Law Society president Christina Blacklaws said: 'We welcome the review of criminal legal aid fees and we hope this exercise is accompanied by a commitment to increase spending on criminal legal aid. Reporting on a fundamental rethink in 2020 is all very well, but we are facing a crisis today. Twenty years without any increases in fees, and a series of drastic cuts has meant there are not enough young lawyers entering the field of criminal defence work.

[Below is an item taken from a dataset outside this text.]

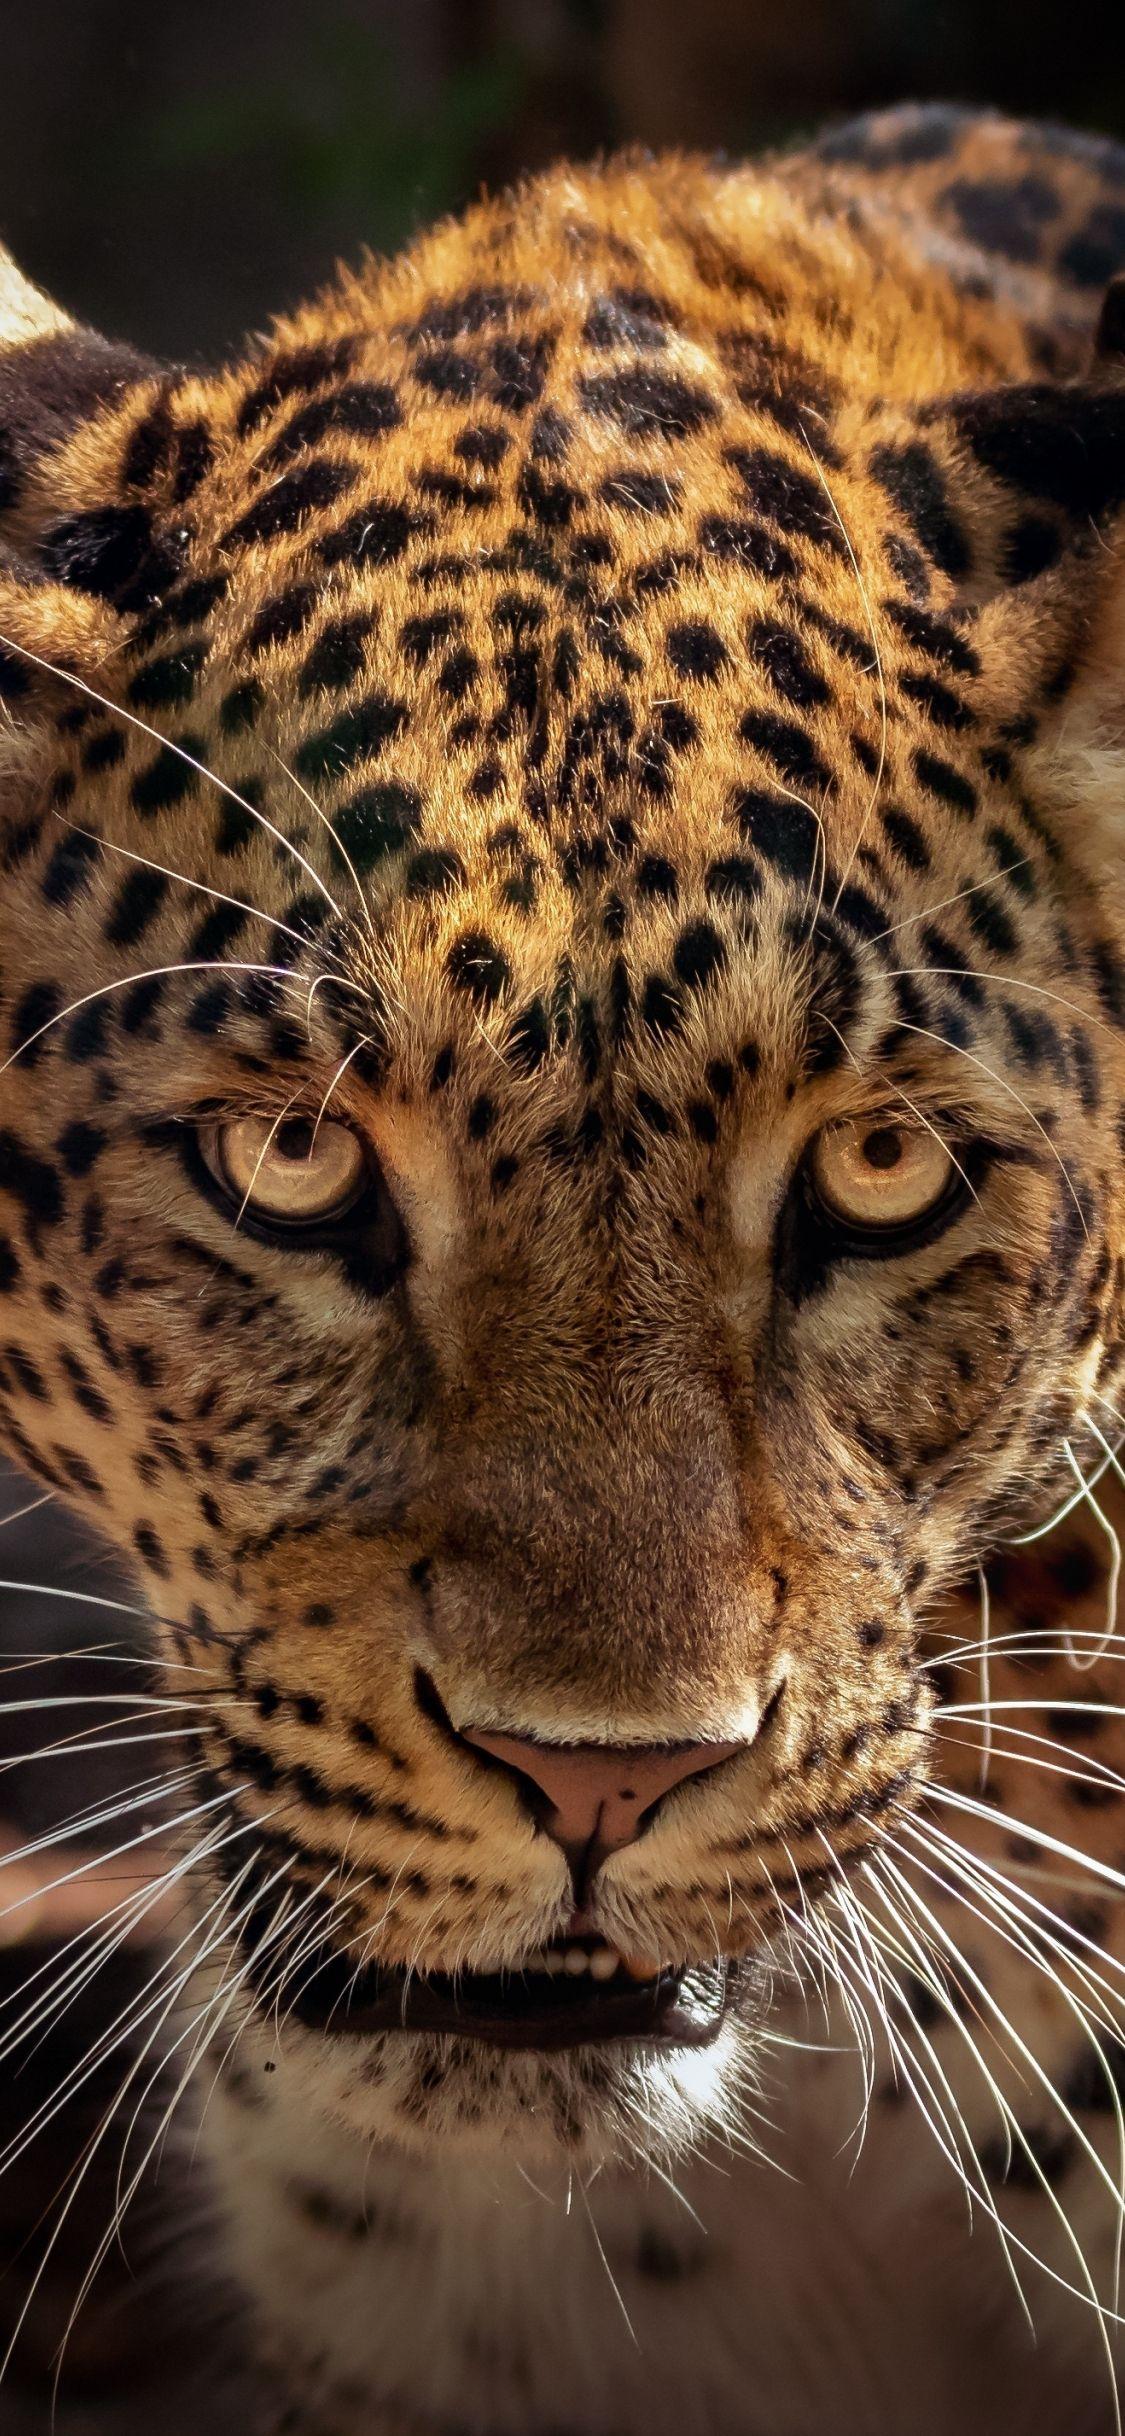 Jaguar Iphone Wallpapers - Top Free Jaguar Iphone Backgrounds
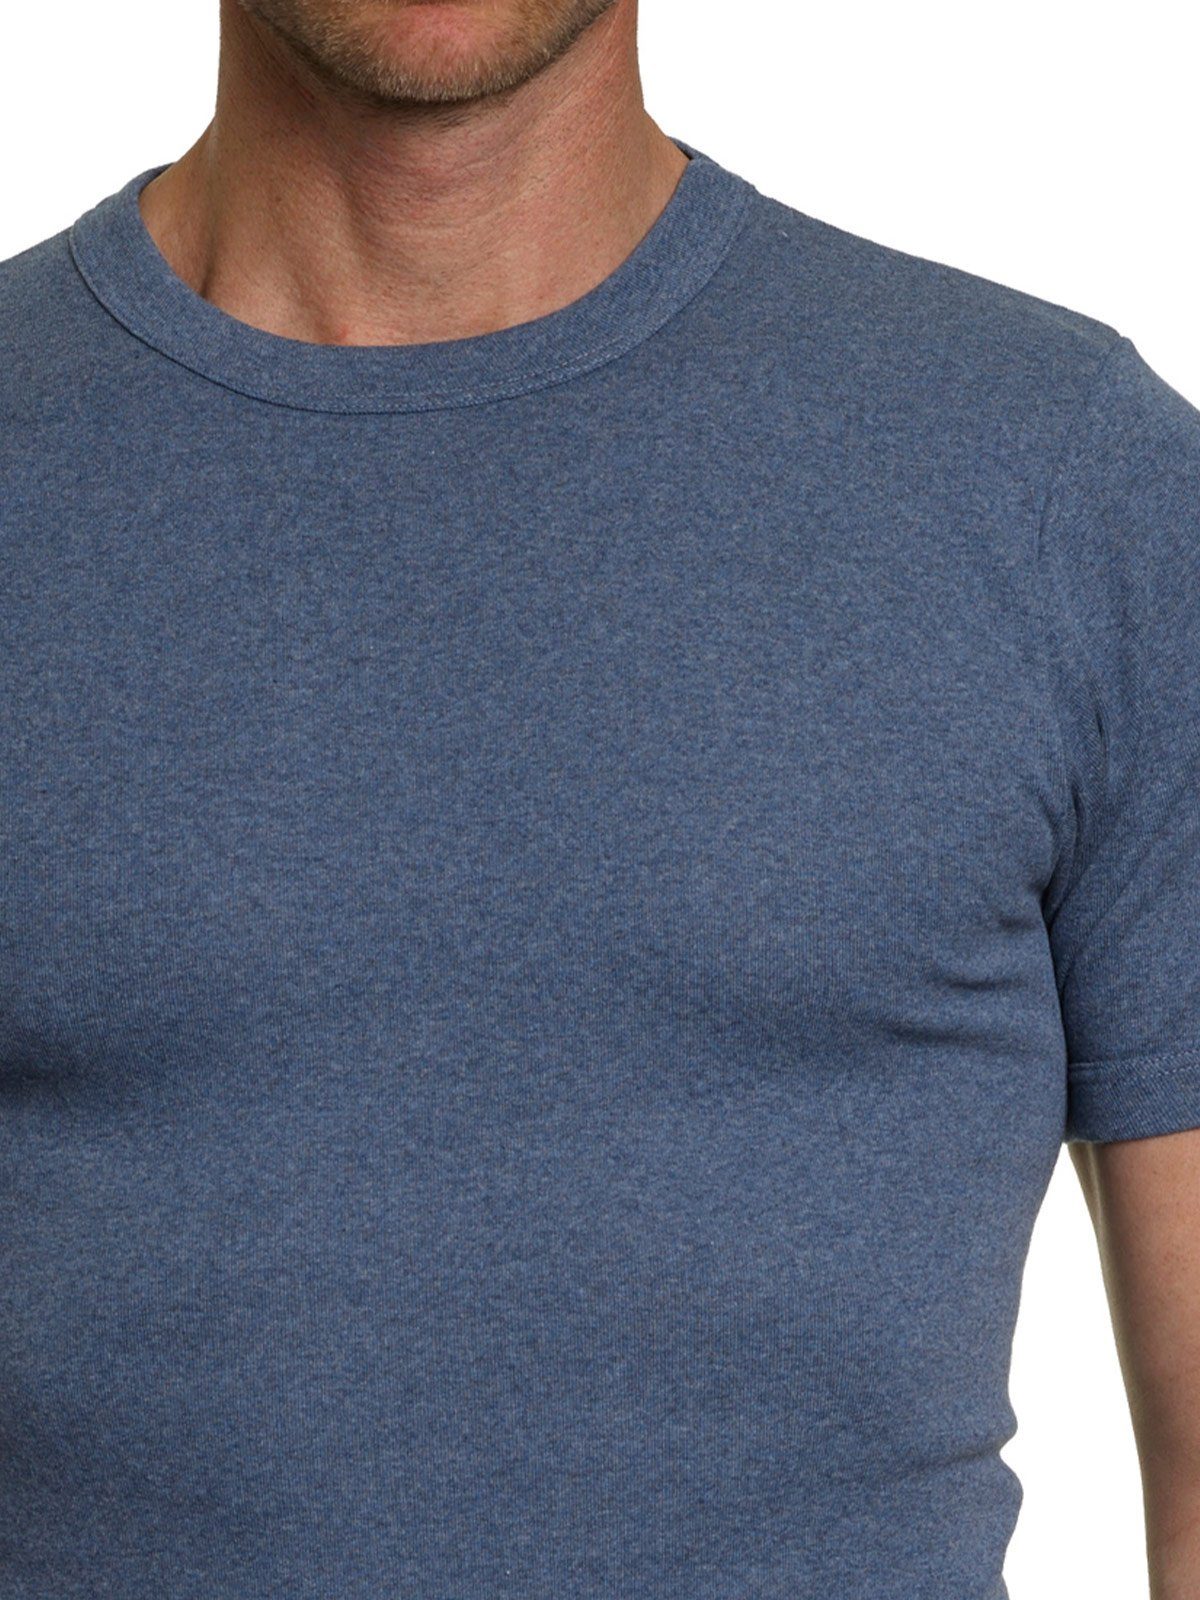 KUMPF Unterziehshirt Herren T-Shirt hohe Markenqualität 1-St) Arm 1/2 (Stück, blau-melange Workerwear

'The absolute minimum that is required immediately is for the government to ensure the position stops getting any worse, by implementing an immediate cost of living increase in all remuneration rates, and committing to do so every year. It is also essential that the review includes an independent analysis of what is required to ensure the market is economically sustainable. Means testing thresholds should similarly be uprated.'

No mention is made within the government's response of its post-implentation review of the Legal Aid, Sentencing and Punishment of Offenders Act 2012, which was supposed to be published last month and is due any day now. On Tuesday shadow justice minister Gloria De Piero MP asked in a written question when the LASPO review will be published. She said she has yet to receive a response.